Сашка физически ощутил, что Романчук вот-вот взорвется от негодования. Нервы у капитана и так в последнее время напряжены до предела, а тут еще приходится нянчиться с Сорокой. Но пограничник сдержался. Опустив голову, Романчук помолчал несколько секунд, а затем снова продолжил говорить спокойным, уверенным голосом.

– На станцию прибыл фашистский воинский эшелон. С него сняли около батальона пехоты со всем снаряжением и тыловым обеспечением и оставили в городе. Это уже второй батальон, который прибыл в город. Есть подозрение, что прибыли они по нашу душу. Эшелона под откосом немцы нам не простят, и рисковать они не будут, оставляя у себя в тылу, да еще рядом с концентрационным лагерем, такую эффективную группу партизан. Это первое, что нас с лейтенантом беспокоит. Второе – приближающиеся холода и отсутствие в Польше больших лесных массивов, которые могли бы надежно укрыть партизанский отряд. К тому же здесь преобладают сосны, вообще хвойные породы. Только на болотистых участках больше растет берез, осинников.

– Вот я и говорю, что двигаться надо на восток, к нашим. Там хоть леса, что в Белоруссии, что на Брянщине, – месяц пешком идти будешь и не встретишь ни жилья, ни дороги. А там, глядишь, и Красная армия нам навстречу ударит, освободит. Так и выживем!

– На этот счет мы уже все решили! – вмешался в разговор Канунников и даже вскочил с лавки, но потом опомнился и снова сел. – Кто хочет уйти, тот пусть уходит. А тот, кто хочет остаться с капитаном Романчуком, кто хочет помочь найти и освободить его дочь, те остаются. Речь сейчас ведется о том, что условия стали настолько сложными, что требуют общего участия, общего мнения тех, кто остается. Я закончил, Петр Васильевич.

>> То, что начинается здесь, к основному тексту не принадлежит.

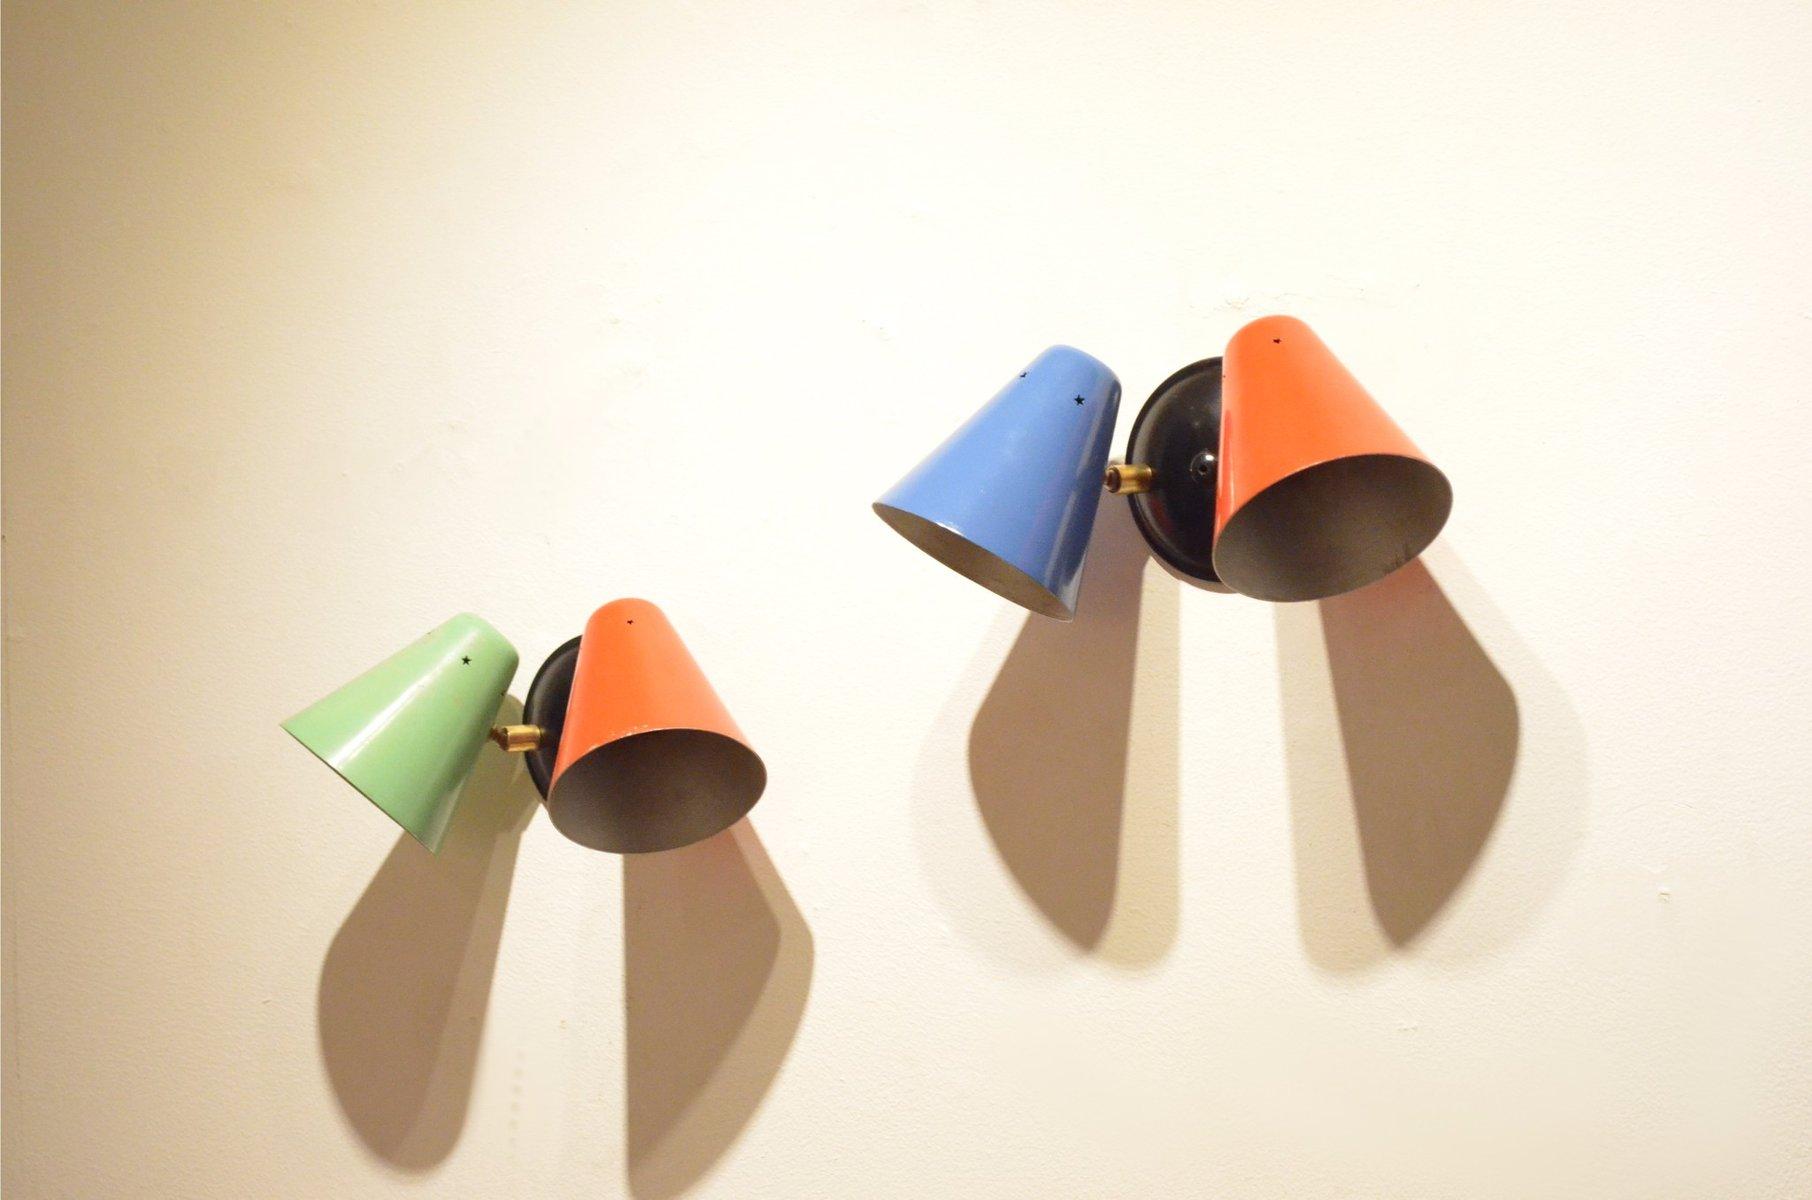 Verstellbare Bunte Kegelförmige Wandleuchten, 2er Set

– Ну, ты все и сказал, – грустно ответил Романчук. – В лесу здесь нам не выжить. Немцы не сегодня завтра начнут прочесывание, облавы, и нам не выдержать бой с ними. Нас мало, оружия почти нет. А если обойдется, то все равно нам не выжить на морозе и под снегом в шалашах.

– Да, дело серьезное, – заявил Лещенко. – Тут ведь как ни рассуждай, а неизвестно, получится или нет. Можно в землю зарыться, дождаться, когда проедут немцы, и выбраться наружу. Да только где и чем зарываться? Да и немец – человек серьезный. Он все делает обстоятельно. И если прочесывать начнет – так как гребенкой, и вдоль и попрек, чтобы ни одного гектара не пропустить.

– Собаки у них, – добавил Бурсак, – а у нас еще и раненый, и женщины.

– Я прошу прощения, пан инженер, – улыбнулся Баум. – Но вы так рассуждаете, как будто собаки особенно женский запах чуют. Собаки не различают запах мужчин и женщин. Но в чем вы правы, это наличие слабых: женщин, раненого и еще одного старика, который не выдержит и ночи сна под открытым небом во время снегопада. Простите, я не медведь, берлогу делать не умею.

Сорока открыл было рот, но в свете костра увидел глаза Романчука и промолчал. Оставаться со всеми в такой ситуации ему было страшно, а оставаться одному и пытаться двигаться на восток было еще страшнее. Сашка поморщился. Сорока его раздражал неимоверно, приходилось терпеть. Каким бы он ни был по характеру, но это был свой, советский, человек, и они находились вдали от Родины, в тылу у фашистов, и каждый должен был в меру своих сил помогать другому. Так Канунникова учили и в школе, и в армии. Да и вообще он был в этом убежден.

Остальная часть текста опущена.